Он приказал ей: окрестись перед свадьбой. Зачем, робко и тихо спросила она, ведь мы же все равно будем жениться по китайскому обряду? Затем, поглядел он на нее ненавидяще и дико. Затем, чтобы ты была Еленой Павловной. Ты же сама хочешь быть Еленой Павловной.
И она согласилась. Он покорно наклонила голову, воткнутые в ее черный тяжелый пучок шпильки дрогнули, как крылья стрекоз.
Она была маньчжурской принцессой, дочерью сановника династической крови. Ее отец принадлежал к древнему роду беспредельно разветвленной императорской фамилии, что после революции в страхе удирала из Пекина в Маньчжурию и нашла приют при дворе властительного Чжан Цзолина.
Да, она согласилась креститься, хоть и боялась; и ей понравился обряд крещения, понравилось, как ее голову трижды окунали в большую серебряную чашу в православной церкви Харбина, а потом поливали на затылок из чаши водой; как босиком она стояла на коврике, с голой шеей, и ей мазали лоб, щеки, руки и колени пахучим маслом, а потом, бормоча таинственные древние славянские слова, надевали на шею медный крестик на золотой цепочке. Унгерн настоял, чтобы крест был именно медный. «А что ж цепочка золотая?» – наивно спросила она его. «Ты принцесса, тебе положено. А крест должен быть простой. Как у всех русских», – жестко ответил он, глядя в сторону. Ей остригли прядь волос и бросили волосы в чан с крестильной водой, а потом, после завершения обряда, подошли, низко кланяясь, русские старухи и куда-то унесли огромную серебряную чашу. Куда, спросила она? «Эту воду молящиеся выпьют потом», – шепнула ей, крестясь, церковная девочка, зажигавшая в храме свечи, вся, до подбородка, закутанная в черное. Она содрогнулась от отвращения.

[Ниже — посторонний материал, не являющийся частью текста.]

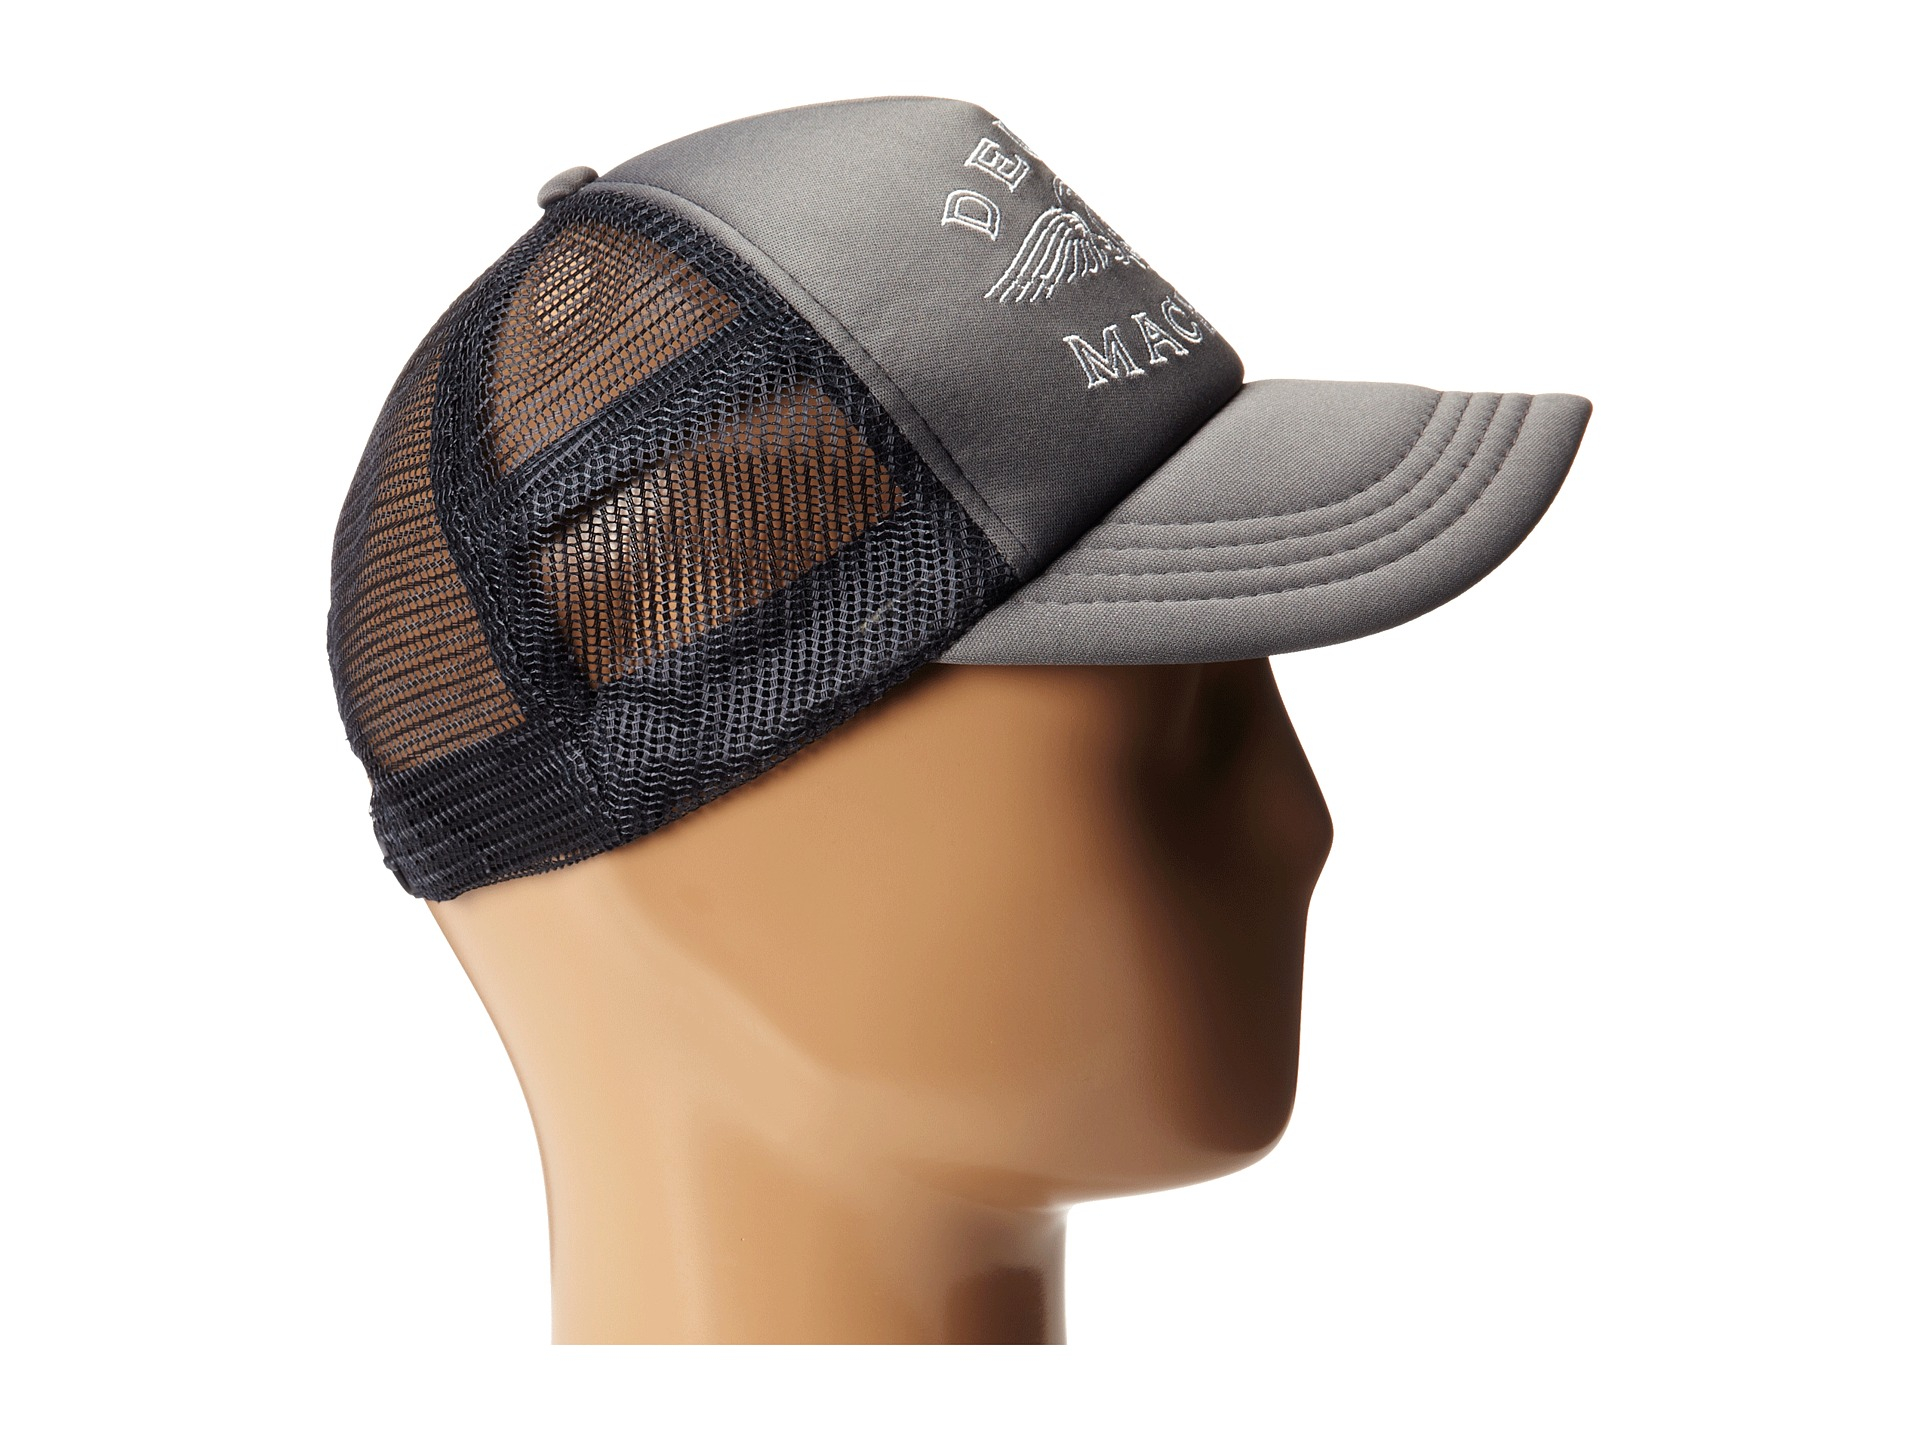 lyst deus ex machina curtis trucker cap in black for men. Black Bedroom Furniture Sets. Home Design Ideas

Он взял ее под локоть и сухо сказал ей: Елена Павловна, поедемте домой, вас ждут, вы должны одеваться к свадьбе. Китайского венчания она не помнила. Пелена сна и видений, пелена грядущего ужаса, теперь испытанного ею, заволокла все – так дым костра заволакивает людей и горы вдали. И уже не рассмотришь.

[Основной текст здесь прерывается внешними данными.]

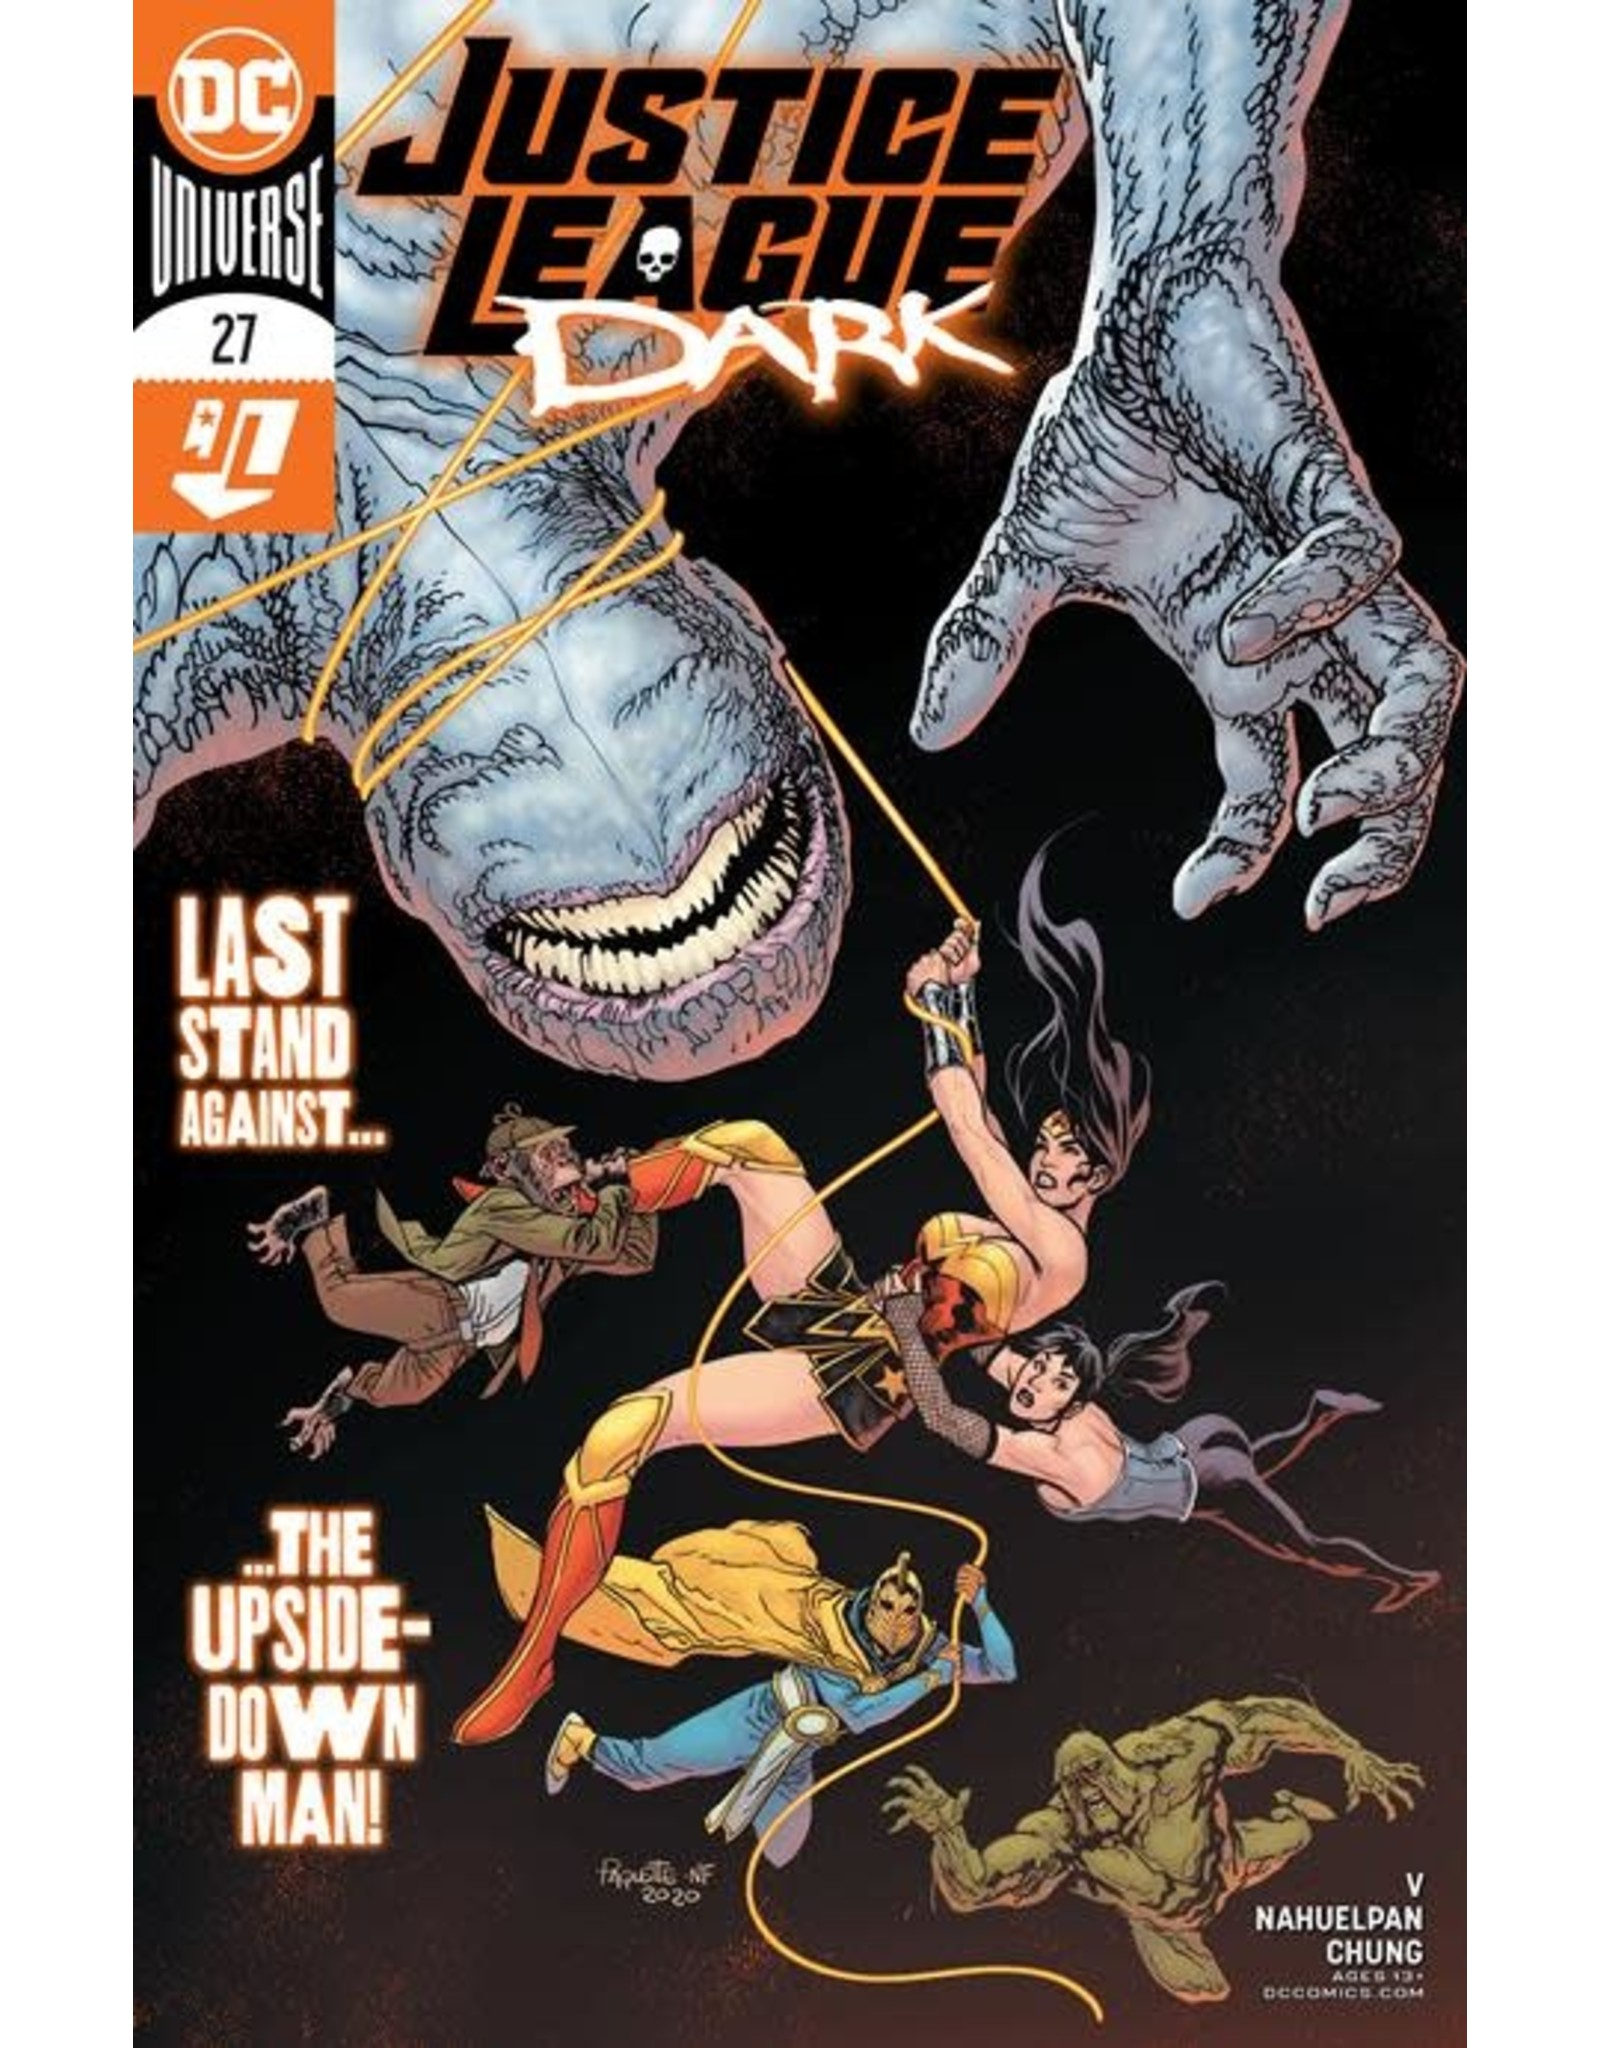 DC Comics JUSTICE LEAGUE DARK #27 CVR A YANICK PAQUETTE

Тихий звон… Длинные шелковые одежды, струящиеся по полу, за спиной… Гудение, визги дудок… Алый, белый, ярко-розовый шелк… Благовонный дым, медленно, сонно поднимающийся к потолку… Зачем они надели на нее европейскую фату?!.. Она же не хотела… Жених стоял рядом с ней, и их обоих обволакивал синий, сизый, призрачный дым, и у нее в ушах, на тоненьких серебряных ниточках, качались под дуновениями храмового сквозняка две жемчужины, две розовых жемчужины. Откуда вынули их, из какого водоема?.. Из Желтого моря?.. Из Хуанхэ?.. Из Селенги?.. Она любила жемчуг. Отец всегда дарил ей жемчуг, как богатые и бедные отцы семейств всегда дарят дочерям в Китае. Жених обернулся и, о ужас, взял пальцами – она подумала: мочку схватит!.. – нет, жемчужину. «Сейчас дернет, оборвет», – подумала она мгновенно. Отчего он казался ей сумасшедшим? Он поднял жемчужину за серебряную ниточку и поднес пальцами, пахнущими табаком, к ее губам. Ткнул жемчуг ей в губы. Ждал. Глядел круглыми безумными глазами. Она раздвинула губы. Он положил жемчужину на нижнюю ее губу. Она прижала ее верхней. Он погладил ей пальцем подбородок. Усмехнулся. Так и стояла – с жемчугом в губах, – и это было странно, унизительно и страшно. А китайские свадебные дудки визжали радостно, потом тихо плакали. И он отступил на шаг, отвернулся от нее и снова воззрился на ламу, совершающего обряд.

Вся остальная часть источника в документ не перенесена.